AJP Endocrinology and Metabolism ◽

10.1152/ajpendo.90373.2008 ◽

2008 ◽

Vol 295 (4) ◽

pp. E859-E867 ◽

Cited By ~ 15

Author(s):

Tsuyoshi Shimada ◽

Nobuhiko Hiramatsu ◽

Ayumi Kasai ◽

Mai Mukai ◽

Maro Okamura ◽

...

Keyword(s):

Aryl Hydrocarbon Receptor ◽

Mammalian Cells ◽

Adipocyte Differentiation ◽

Biological Activities ◽

Cordyceps Militaris ◽

Dominant Negative ◽

Peroxisome Proliferator ◽

Monocyte Chemoattractant Protein 1 ◽

Aryl Hydrocarbon ◽

Wide Range

Mycelial extracts have a wide range of biological activities that modulate functions of mammalian cells. In this report, we sought to identify antiadipogenic mycelia with the use of 3T3-L1 cells and found that the extract of Cordyceps militaris exclusively suppressed differentiation of 3T3-L1 preadipocytes into mature adipocytes without affecting cell viability. This inhibitory effect was dose dependent, reversible, and associated with 1) a decrease in lipid accumulation, 2) blunted induction of adipocyte markers including adiponectin, peroxisome proliferator-activated receptor-γ, and CCAAT/enhancer binding protein-α, and 3) sustained expression of a preadipocyte marker, monocyte chemoattractant protein-1. C. militaris also significantly decreased accumulation of lipid and hypertrophy in mature adipocytes and preserved their response to insulin (phosphorylation of Akt) during prolonged culture. Subsequent experiments revealed that C. militaris has the potential to activate the aryl hydrocarbon receptor (AhR).

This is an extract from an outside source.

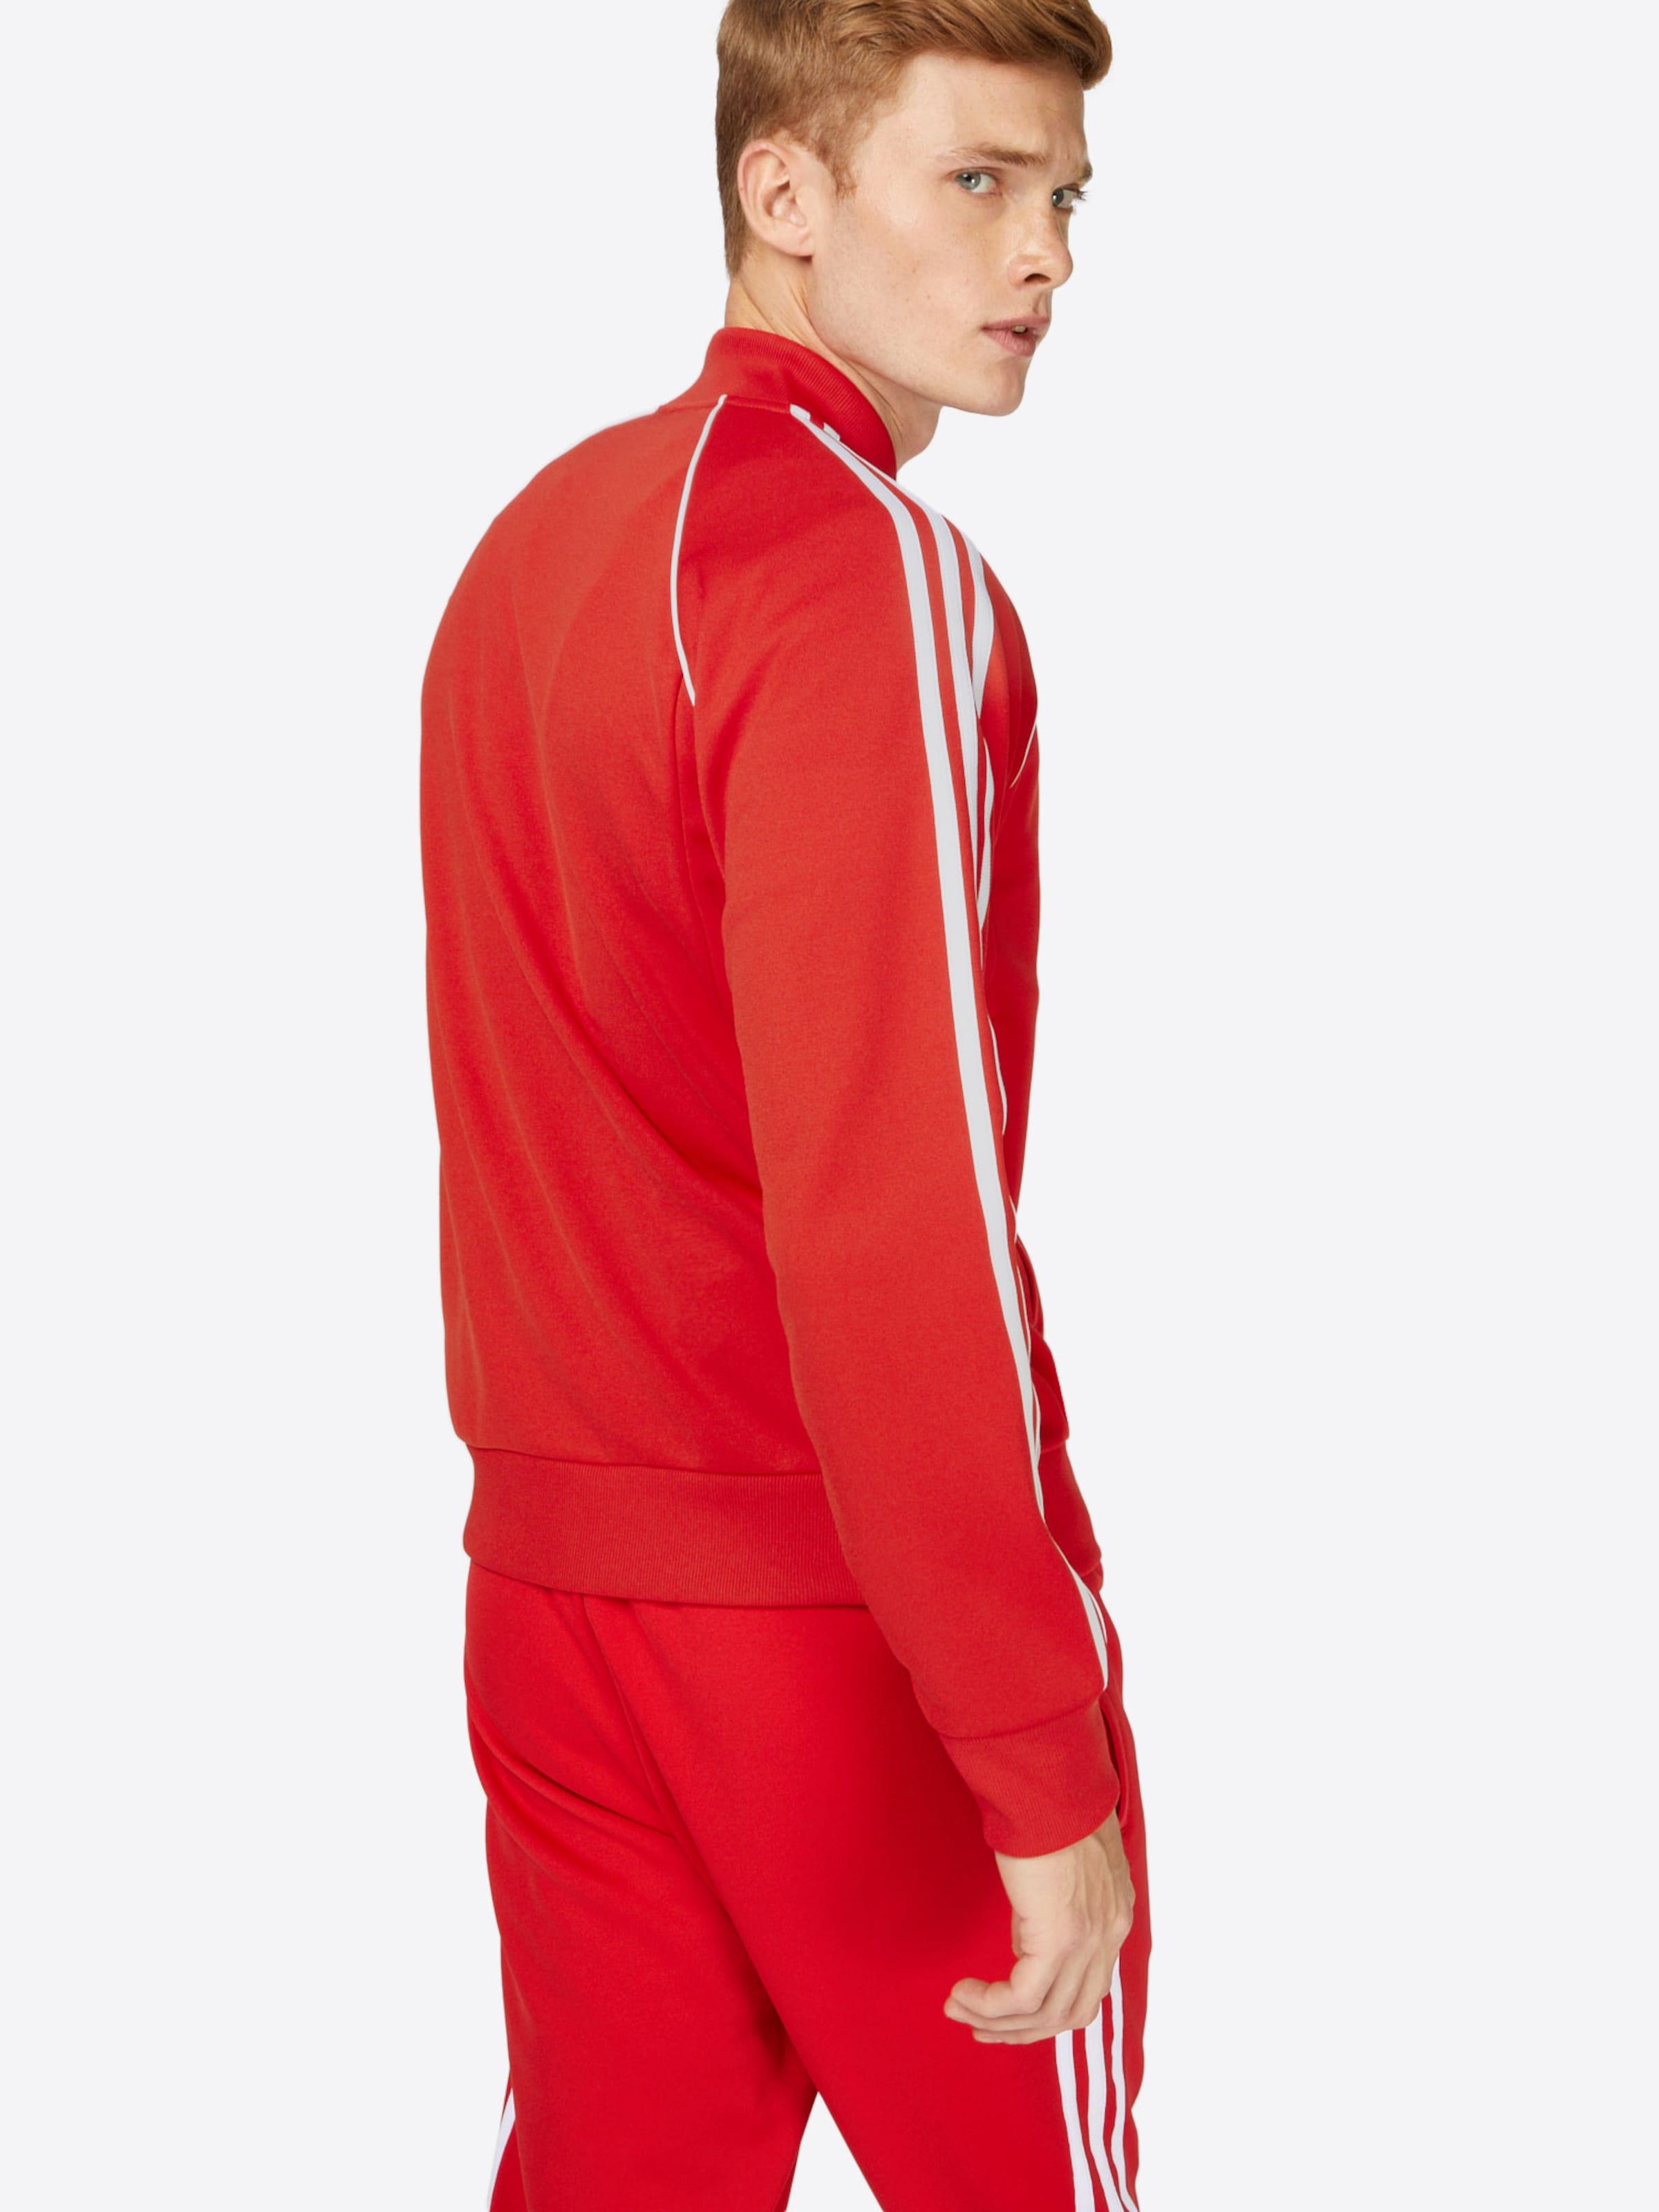 'sst saison Tracktop' Veste Mi RougeBlanc Originals Adidas En wO08Nvnm

In 3T3-L1 cells, treatment with AhR agonists including benzo[ a]pyrene and 3-methylcholanthrene reproduced the antiadipogenic effect of C. militaris. Furthermore, dominant-negative inhibition of AhR abrogated the suppressive effect of C. militaris on adipocyte differentiation. These results suggest that C. militaris has the potential to interfere with adipocyte differentiation through activation of AhR.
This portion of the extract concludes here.